Thank you, it's something of a wank but I'm trying to keep it realistic.
Don't worry he comes across as both believably incompetent and believably competent. In the short term he's kind of messing up but in the long term he's actually laying down solid groundwork for a state. He seems like a real character, so absurd that its hard to believe he's made up but in a very believable way. His moves towards integrating the interior are laying a competent groundwork for a strong state but at the same time you can tell his efforts to integrate into the British empire speak of a profound pessimism. He feels real in the way only a fictional character can, he also seems like a narcissist.
The much told story of him being stripped and groped by voracious Sudanese women under the guise of checking if was a black man, probably did more to encourage new settlers into the interior and into Benjamin's newly organised professional army (deemed necessary due to the way the militas were increasingly seen as politically aligned to various parties) than anything else.
This is really funny!
 
Liberia is taking baby steps towards opposition to colonialism, which seems to be a dangerous policy. It can make many friends abroad, but they have to be very careful not to antagonise France or Britain at this time. Of course, later on that is the kind of thing that can bring a lot of status, but right now, they're far too weak, relatively speaking.
 
Don't worry he comes across as both believably incompetent and believably competent. In the short term he's kind of messing up but in the long term he's actually laying down solid groundwork for a state. He seems like a real character, so absurd that its hard to believe he's made up but in a very believable way. His moves towards integrating the interior are laying a competent groundwork for a strong state but at the same time you can tell his efforts to integrate into the British empire speak of a profound pessimism. He feels real in the way only a fictional character can, he also seems like a narcissist.

This is really funny!
Glad you like it and thanks for the detailed feedback. Worth noting that while the story is of course fictionalised all the politicians are real liberian politicians. Early Liberia is stranger than fiction.
Liberia is taking baby steps towards opposition to colonialism, which seems to be a dangerous policy. It can make many friends abroad, but they have to be very careful not to antagonise France or Britain at this time. Of course, later on that is the kind of thing that can bring a lot of status, but right now, they're far too weak, relatively speaking.
Oh, yes very much so. As I hint in the last line, its entirely possible for ttl liberia to be conquered during the next couple of decades, in otl UK, France and Germany all made attempts and it was largely Liberia selling itself to american companies that ended that threat. This Liberia is less likely to do that and so more at risk.

Having said that, you're also right to say babysteps. From the European point of view, what happened in 1893 was a Liberian army fought alongside a European one to win territory for a European Empire from an African one and both Liberian parties stuck to that deal. Against that a man who has been out of front line politics for a decade writing a newspaper article condemning it is probably not going to be too worrying.

When a sitting President starts saying that stuff, that's when they're going to sit up and take notice.
 
Oh, yes very much so.

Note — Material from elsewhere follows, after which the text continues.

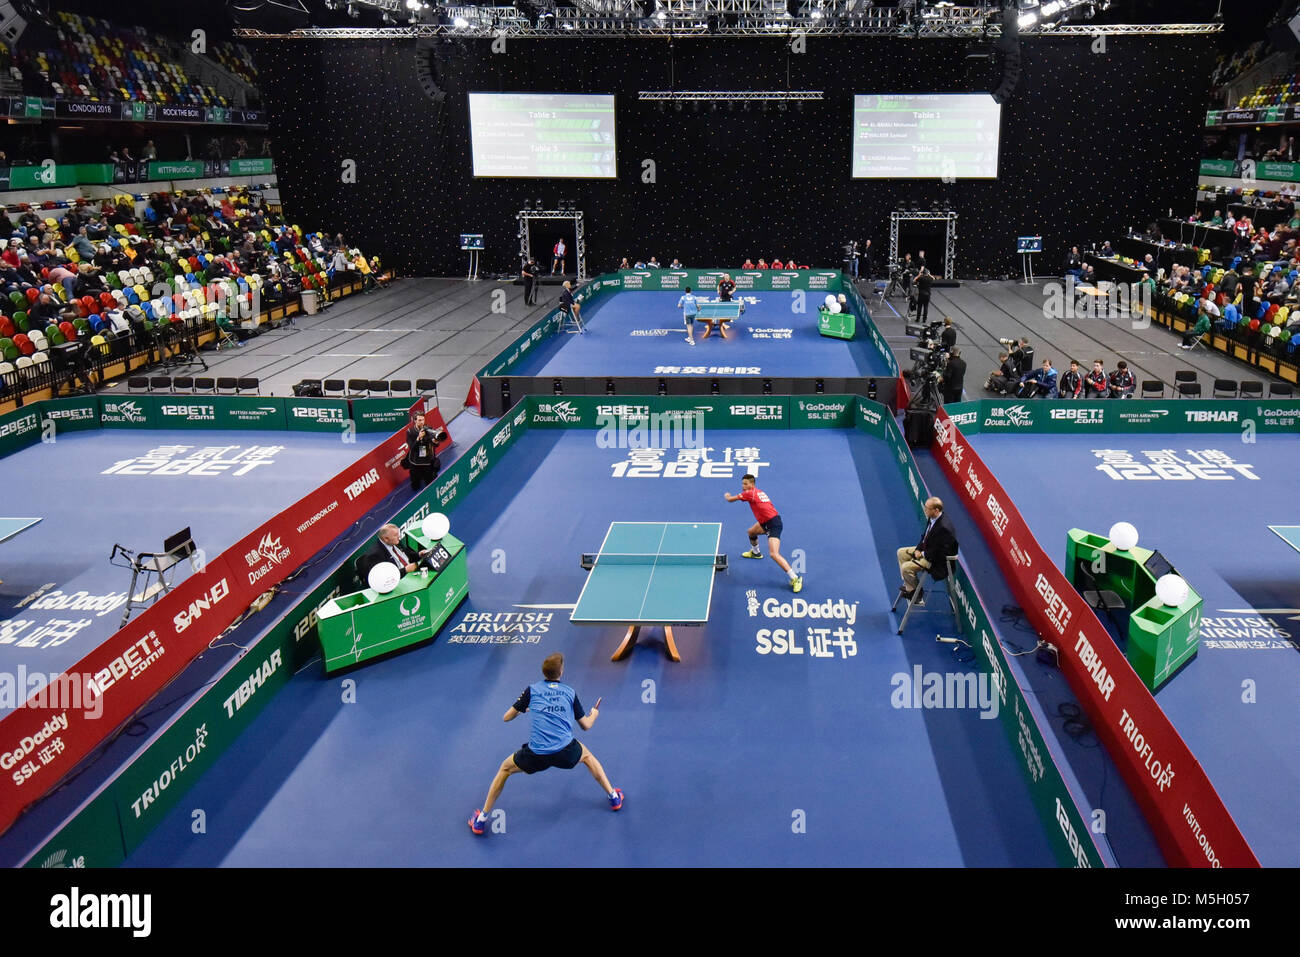 London, UK. 23 February 2018. A general view of table tennis tables during  the preliminary rounds at the ITTF Team World Cup London 2018 taking place  at the Copper Box Arena, Queen

As I hint in the last line, its entirely possible for ttl liberia to be conquered during the next couple of decades, in otl UK, France and Germany all made attempts and it was largely Liberia selling itself to american companies that ended that threat. This Liberia is less likely to do that and so more at risk.

Having said that, you're also right to say babysteps. From the European point of view, what happened in 1893 was a Liberian army fought alongside a European one to win territory for a European Empire from an African one and both Liberian parties stuck to that deal. Against that a man who has been out of front line politics for a decade writing a newspaper article condemning it is probably not going to be too worrying.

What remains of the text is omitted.